◆ The task ◆
Your copy of the data below must be exact and must leave out all pictures.

◆ Data provided ◆
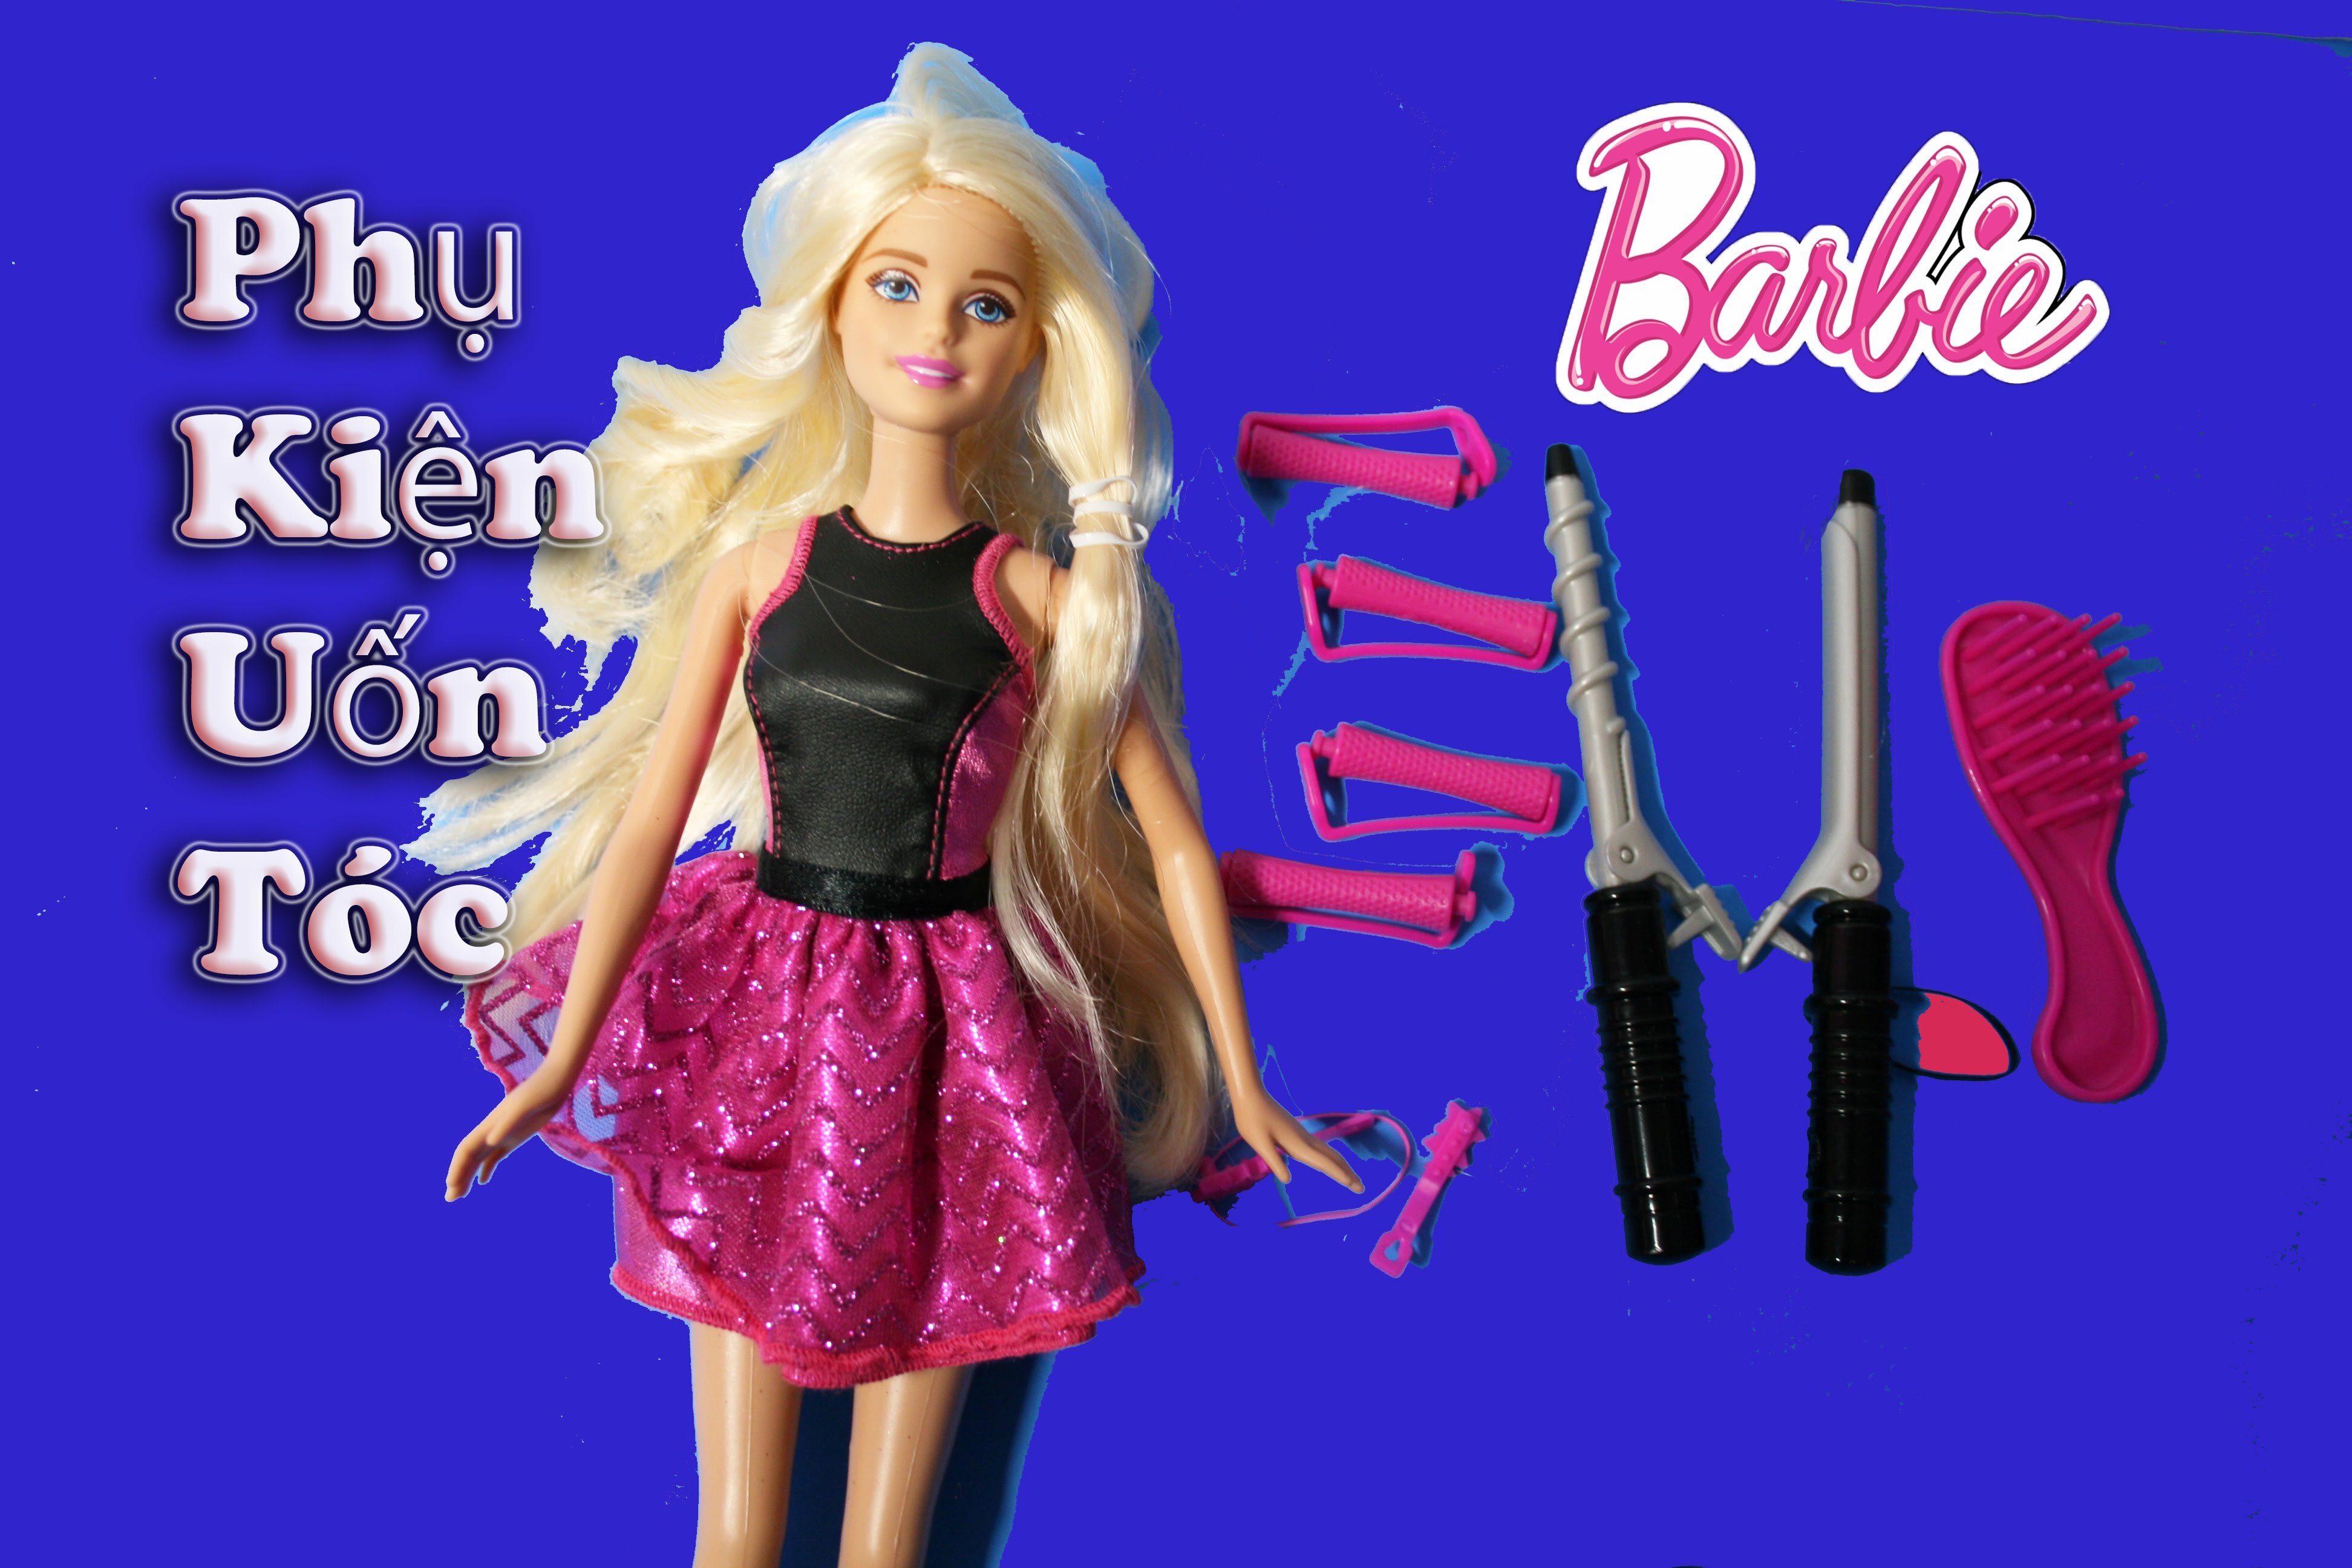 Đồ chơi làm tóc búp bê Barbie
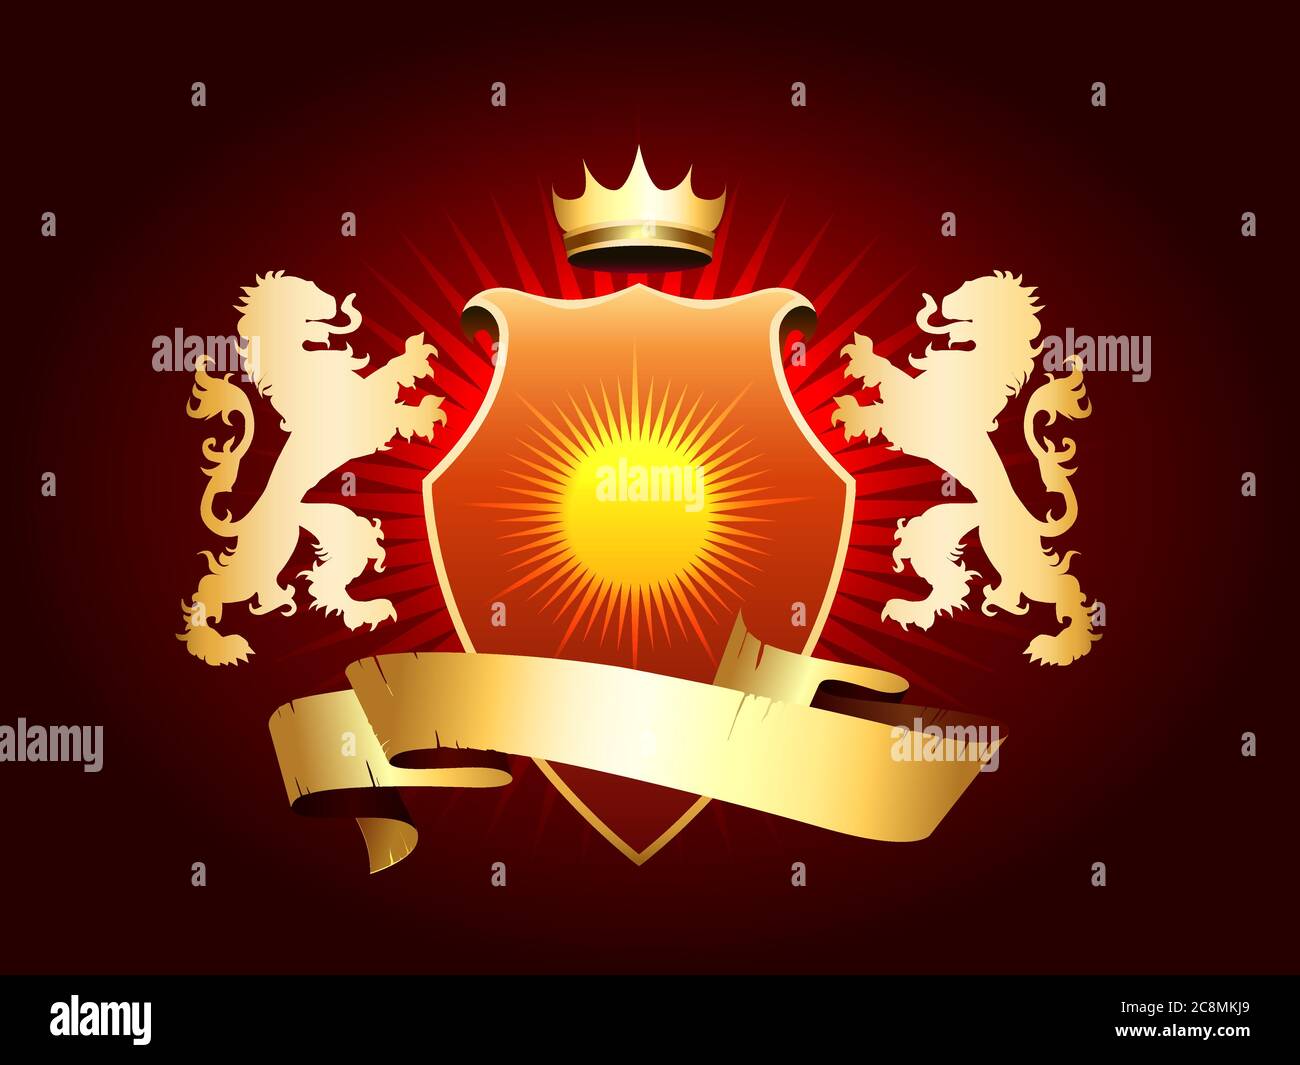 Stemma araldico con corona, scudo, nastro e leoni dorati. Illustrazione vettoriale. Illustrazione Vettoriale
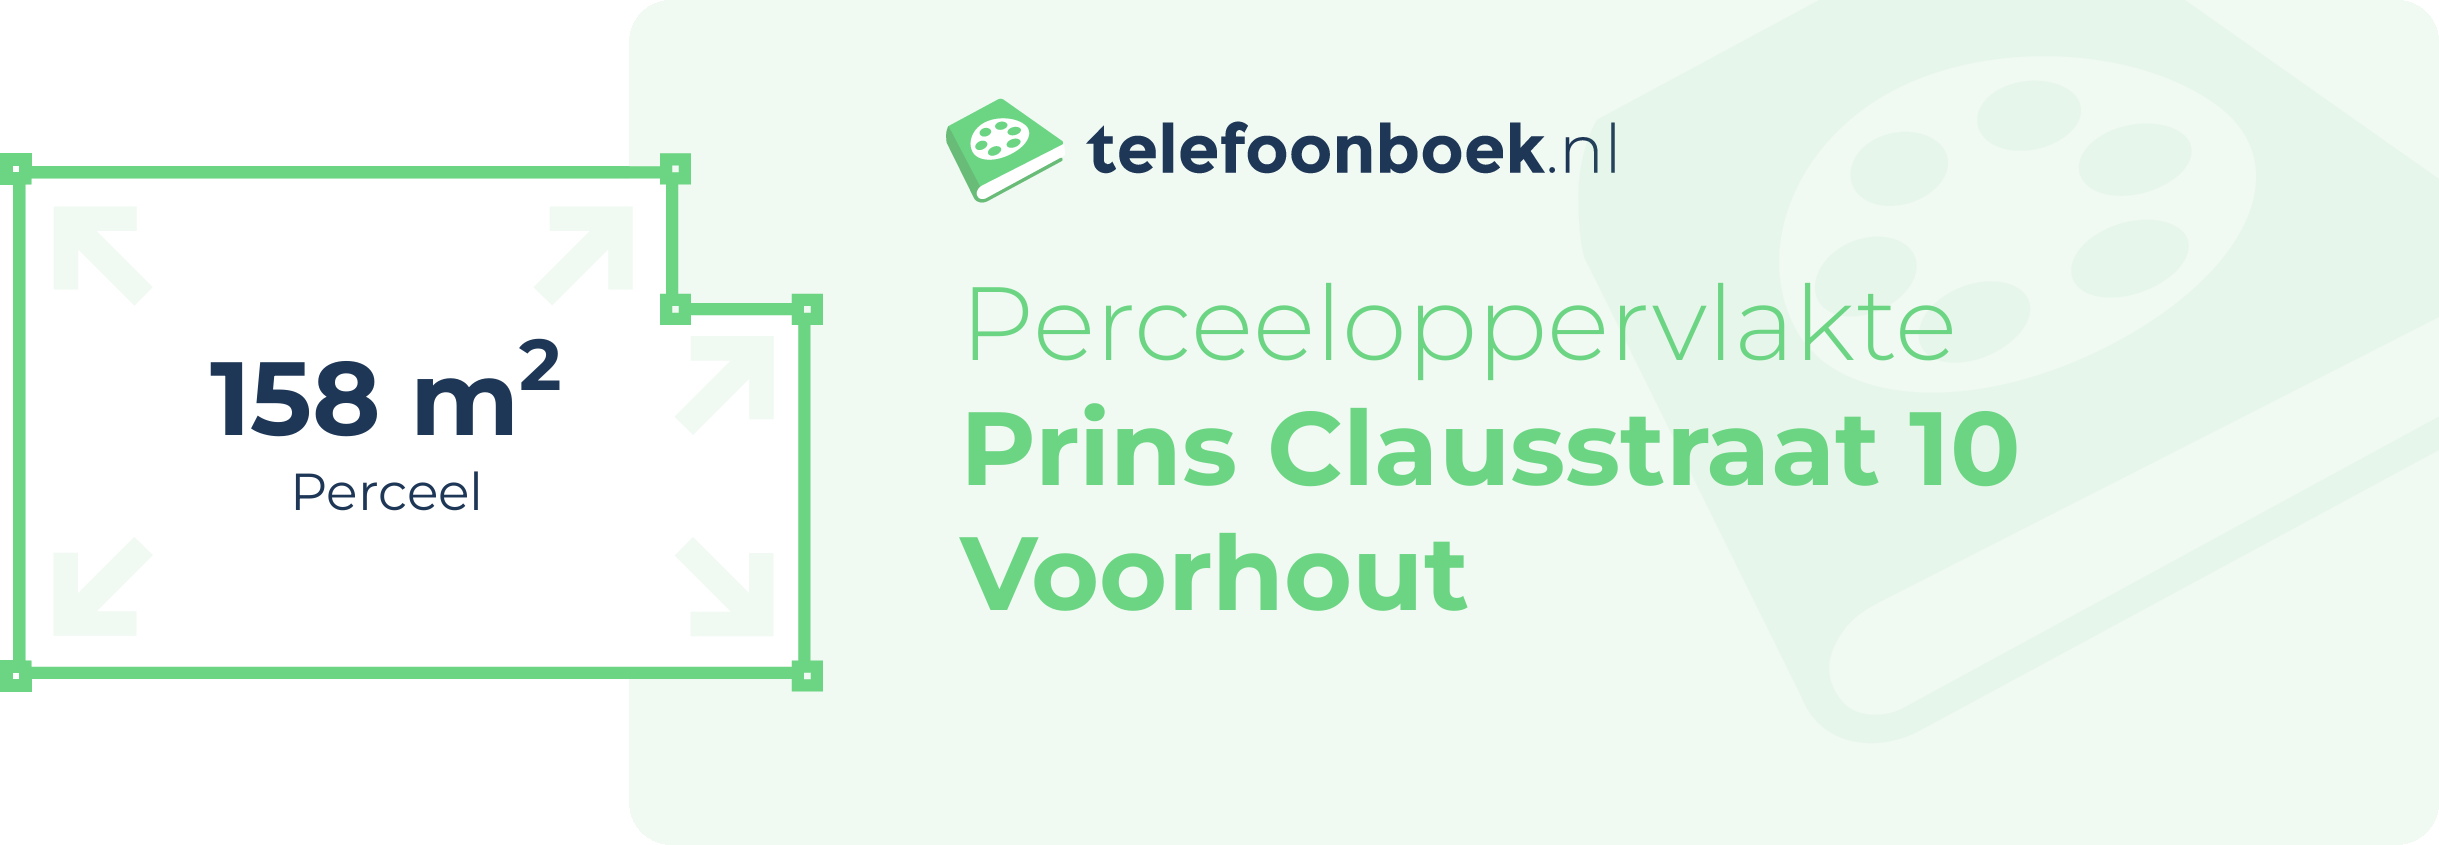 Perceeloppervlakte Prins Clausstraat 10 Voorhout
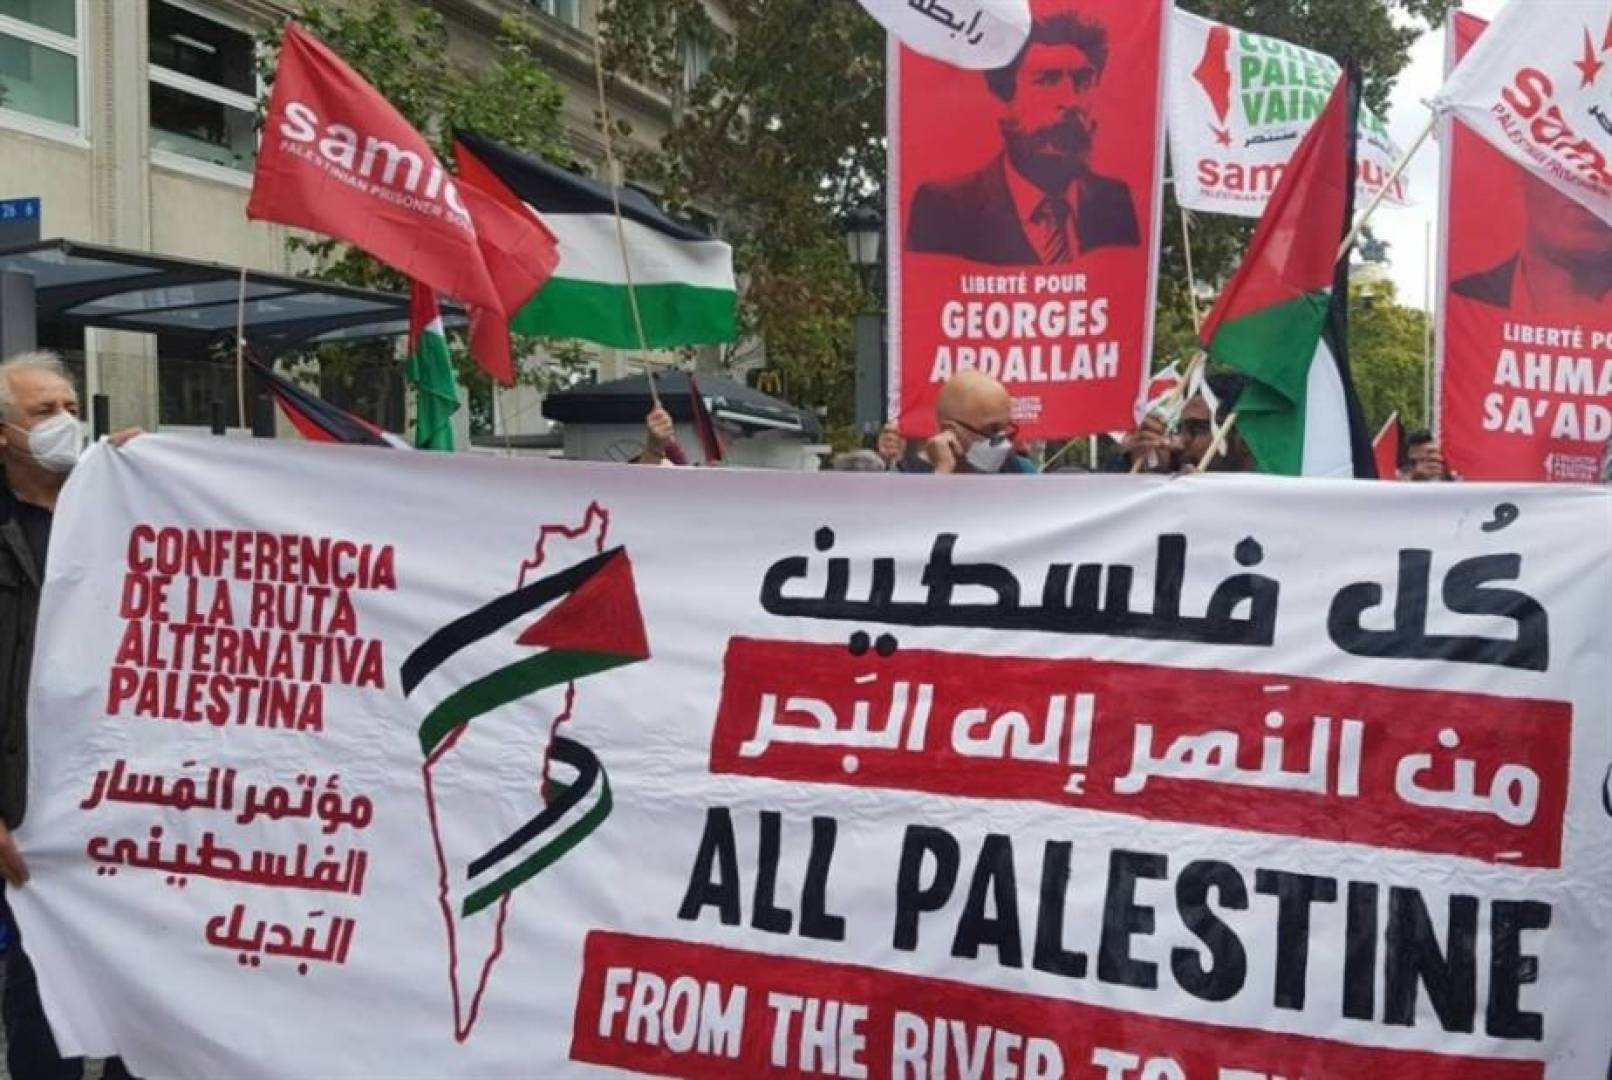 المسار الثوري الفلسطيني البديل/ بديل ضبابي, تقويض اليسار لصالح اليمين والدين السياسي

◆ Answer to the exercise ◆
 Đồ chơi làm tóc búp bê Barbie
 Stemma araldico con corona, scudo, nastro e leoni dorati. Illustrazione vettoriale. Illustrazione Vettoriale
 Perceeloppervlakte Prins Clausstraat 10 Voorhout
 المسار الثوري الفلسطيني البديل/ بديل ضبابي, تقويض اليسار لصالح اليمين والدين السياسي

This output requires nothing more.